Tattletale= a funny daughter who holds Mommy accountable!! (g)


----------



## Tartan34C (Nov 21, 2006)

camaraderie said:


> Mareld...welcome and funny story!
> In case you have not figured it out here... telltale= a piece of string or tape on a sail that shows wind direction.
> Tattletale= a funny daughter who holds Mommy accountable!! (g)


In the old sense of the word a telltale is something that tells the truth or "tells the tale". A telltale compass for instance is the upside down compass over the captain's bunk. It was used to tell the captain that the boat was on course while he was in his bunk. A tattletale is someone who spills the goods on someone else and a telltale person can be someone who either spills the goods or just reports a fact.
All the best,
Robert Gainer


----------



## TrueBlue (Oct 11, 2004)

From now on, I'm referring to my sail's telltales as tattletales.


----------



## sanctuarysam (Sep 16, 2006)

if memory serves correctly Ben Franklin said..."Three may keep a secret, if two of them are dead."
always liked that quotation, and it seems appropriate here...


----------



## sailhagg (Feb 19, 2007)

Loved the story! Reminds me of when my daughter was little. Now she's a surly teen and barely speaks 
sancturarysam-nice quote!

Welcome Mareld!


----------



## Mareld (Mar 21, 2007)

*Telltale - telltail!*

You know I actually looked the word up before using it in an online dictionary...
Guess I got it wrong anyway!

Oh well, now I know the difference... I can hide behind the fact that I am both blond and swedish!

As for the comment from TrueBlue about not laughing - I can assure you that the damage wasn't that big and for my husband to actually get my daghter to side with him in a conflict made his day....

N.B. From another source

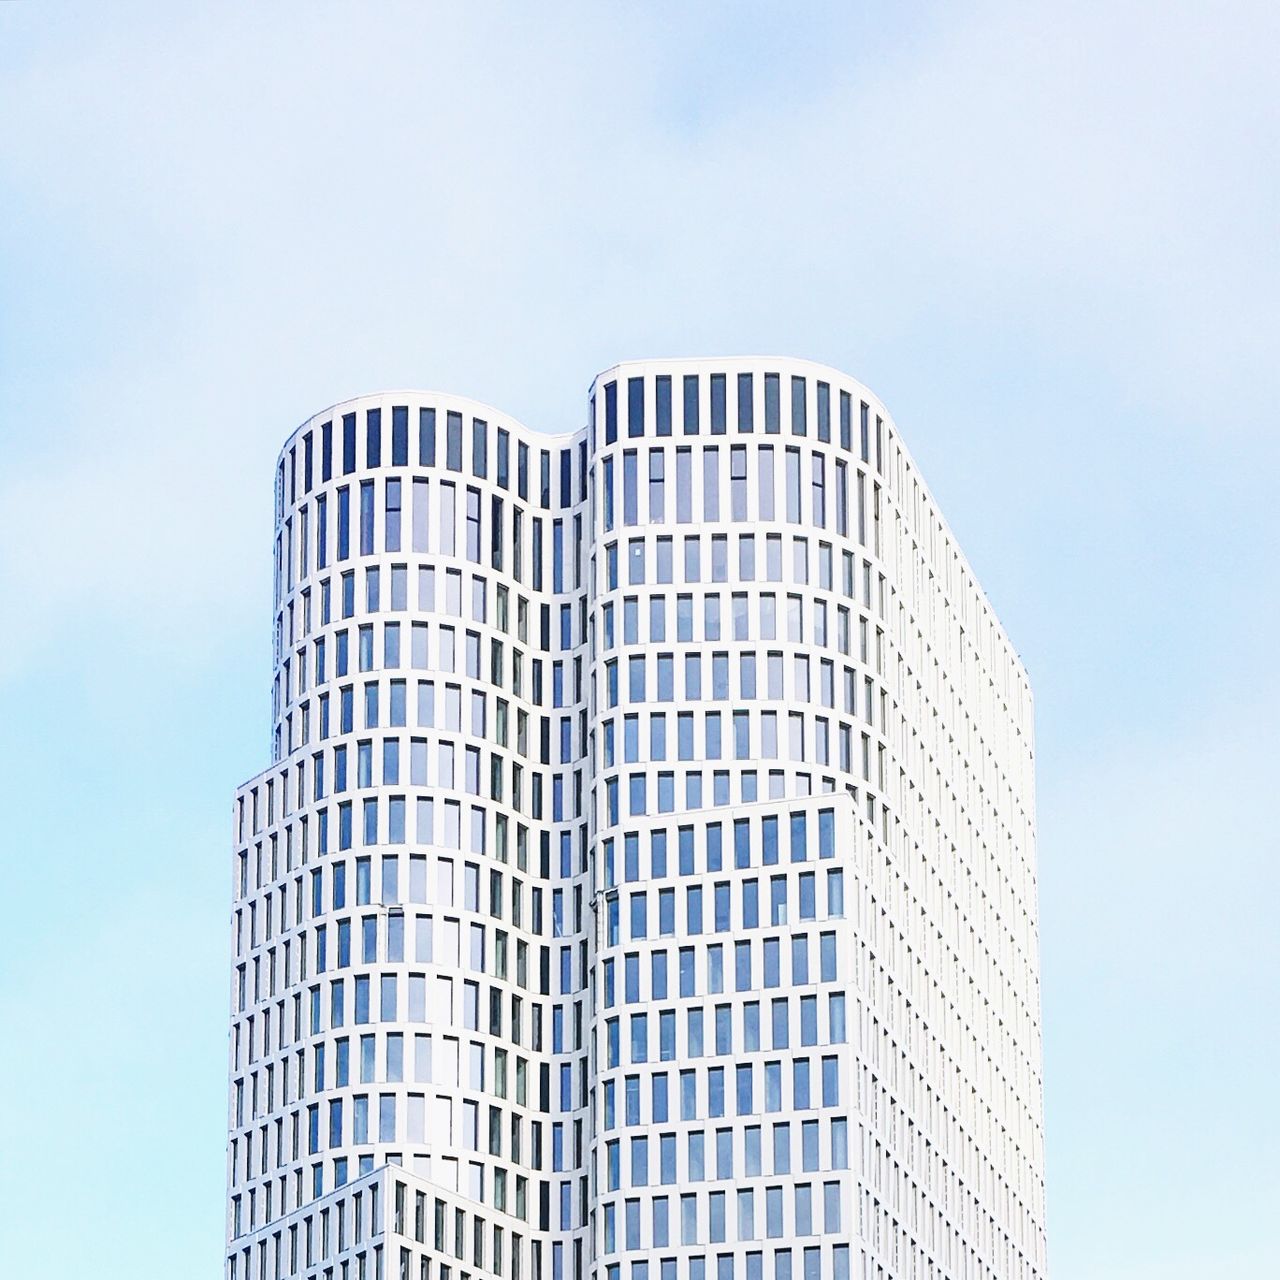 low angle view, architecture, building exterior, skyscraper, city, built structure, sky, modern, outdoors, day, tower, no people, tall, building story, office block

I did not even notice bumping into the dock or crane or whatever it was that I bumped into...


----------



## sailingdog (Mar 19, 2006)

MarelD-

You sure it was you, and not your husband that did the damage...  He could have paid your daughter off, knowing that you might not realize it wasn't your fault.


----------



## merttan (Oct 14, 2007)

That's funny!!!


----------